┌─ DATA SECTION

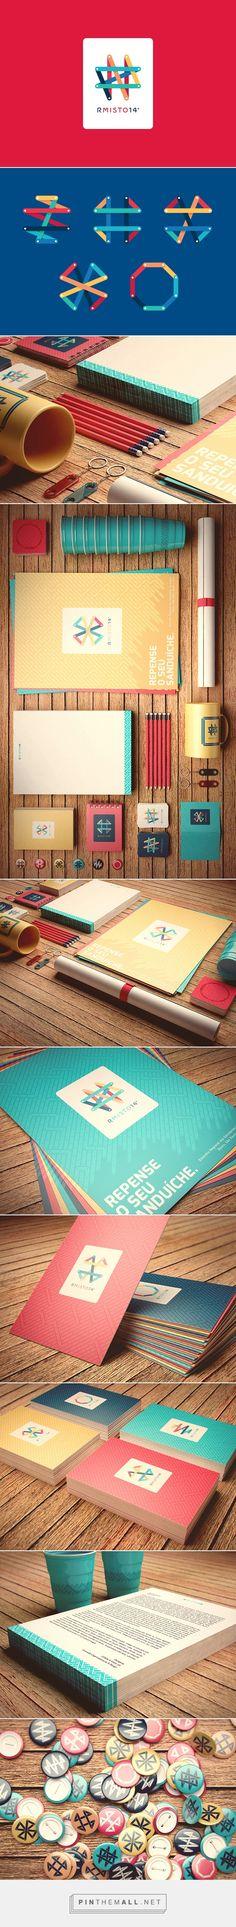 R Misto 14' Branding on Behance | Fivestar Branding – Design and Branding Agency & Inspiration Gallery
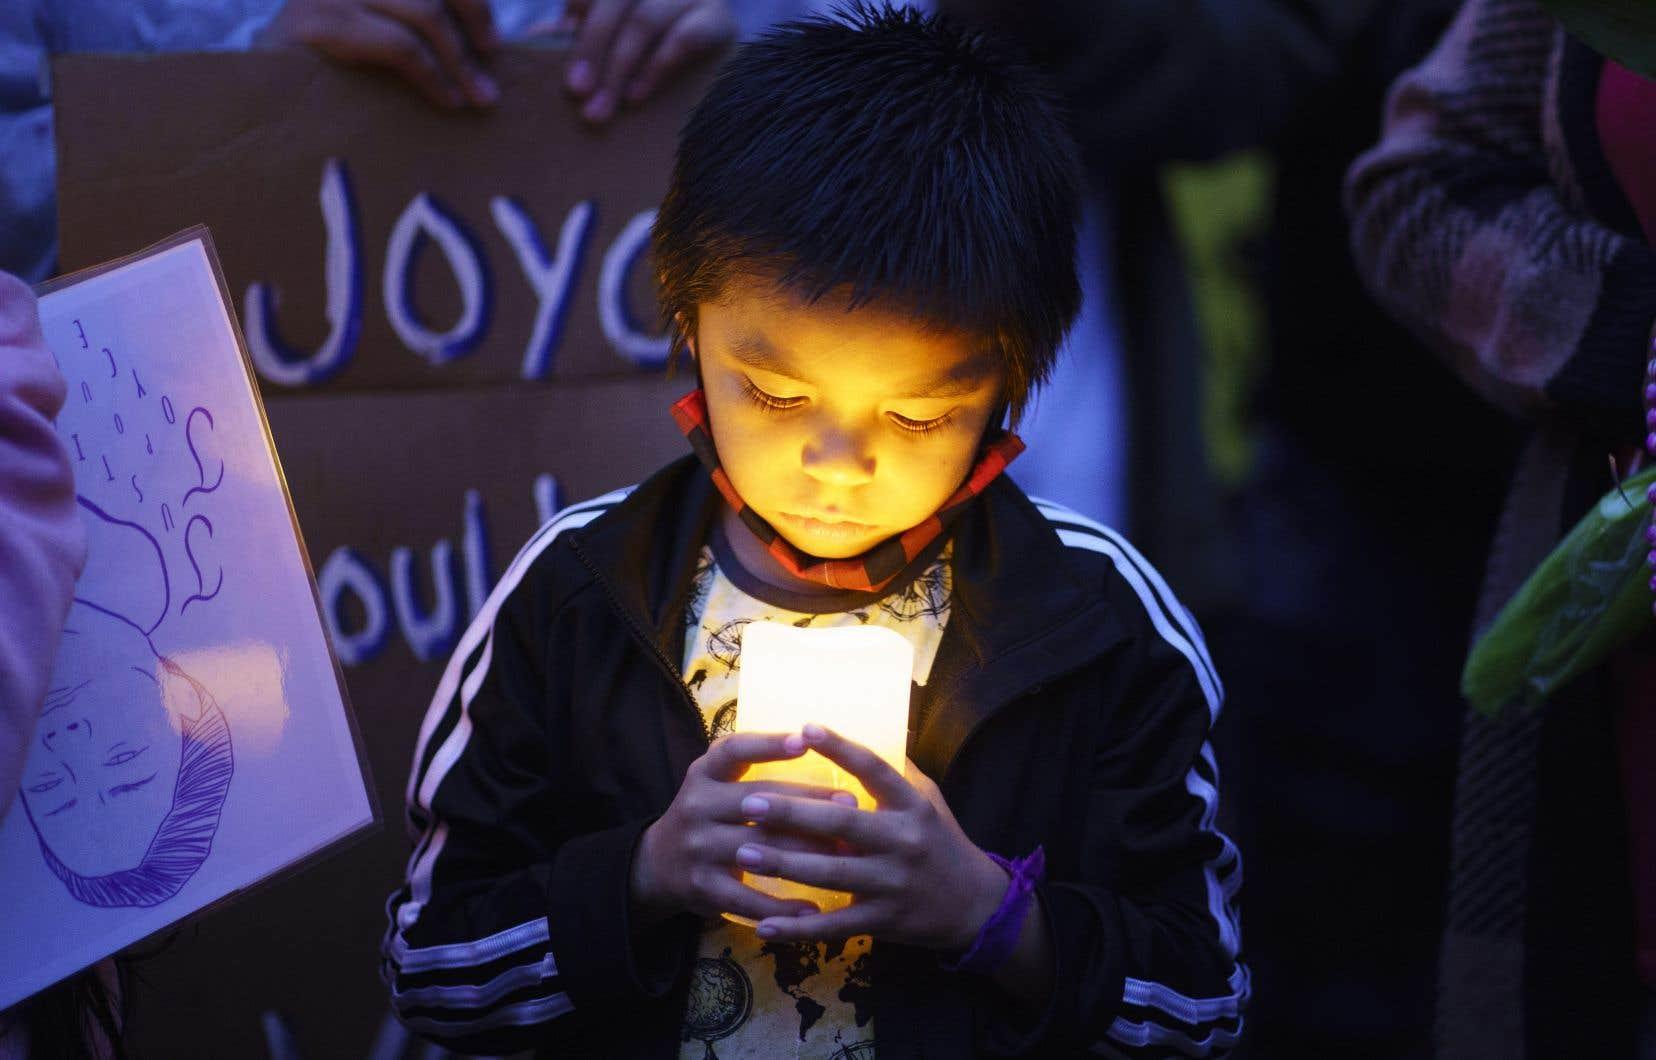 Au Québec, le racisme a, l'an dernier, accompagné, dans un hôpital, la triste fin de l'Attikamek Joyce Echaquan. Redevient urgente comme jamais l'ouverture à la diversité humaine.
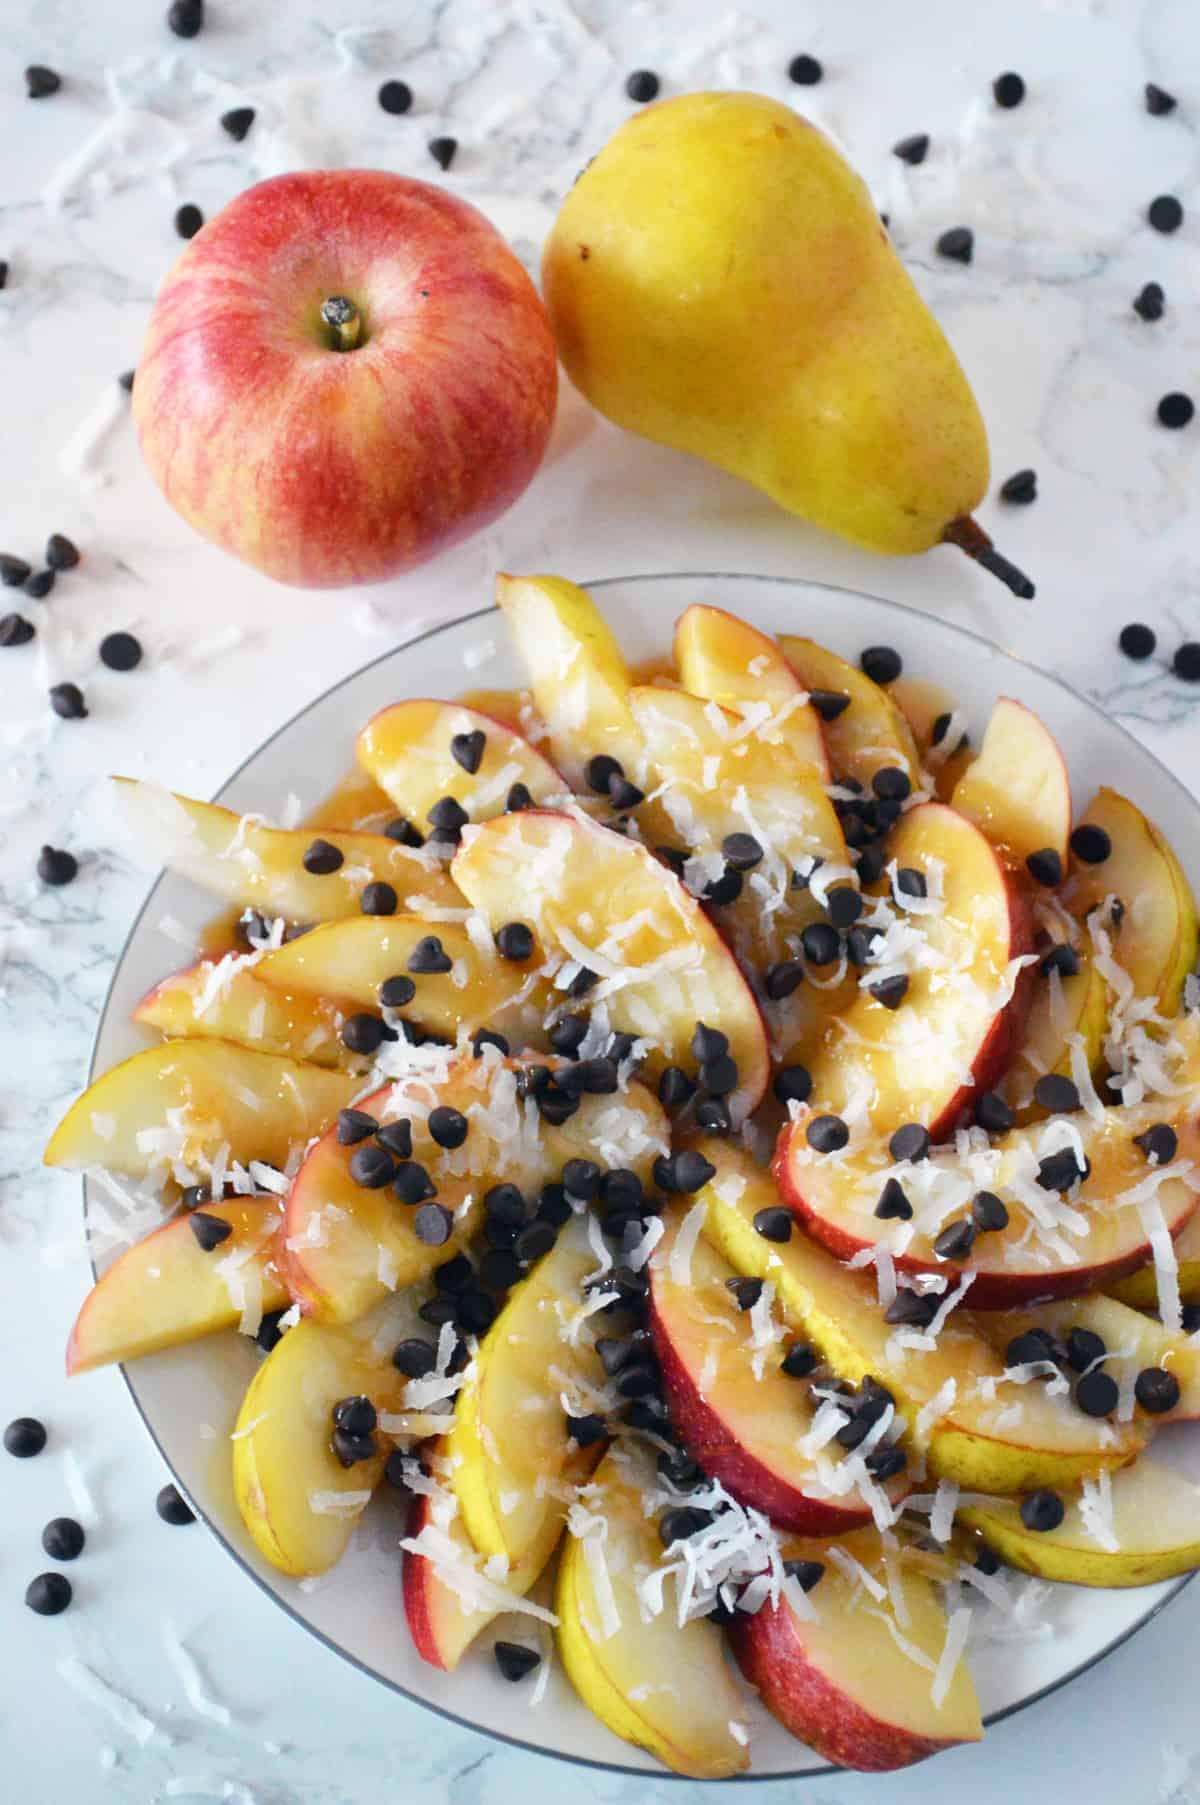 Best Pear and Apple Dessert Nachos
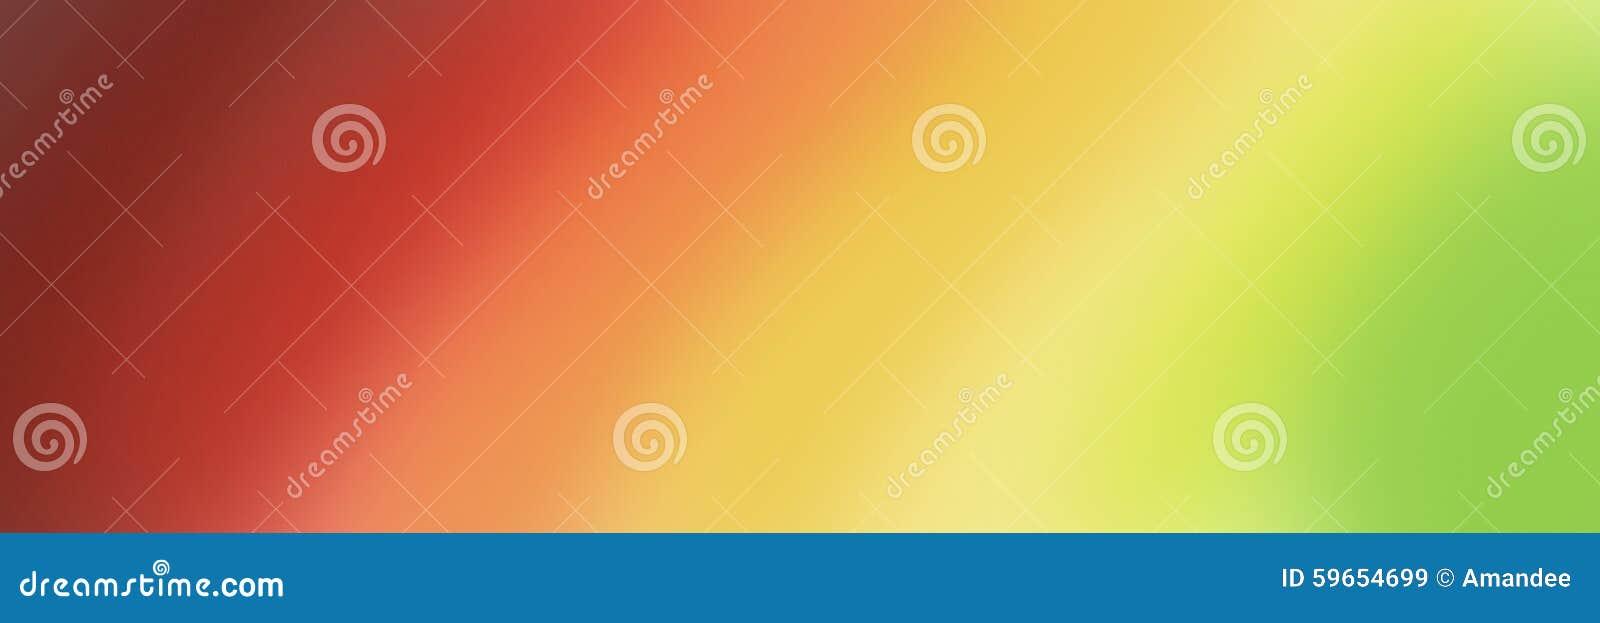 Grande insegna astratta nelle tonalità di pendenza di giallo e verde rossi

└─

[WHAT YOU SHOULD DO] Keep the pictures out and transcribe the listing exactly.

[ANSWER]
 R Misto 14' Branding on Behance | Fivestar Branding – Design and Branding Agency & Inspiration Gallery
 Au Québec, le racisme a, l'an dernier, accompagné, dans un hôpital, la triste fin de l'Attikamek Joyce Echaquan. Redevient urgente comme jamais l'ouverture à la diversité humaine.
 Best Pear and Apple Dessert Nachos
 Grande insegna astratta nelle tonalità di pendenza di giallo e verde rossi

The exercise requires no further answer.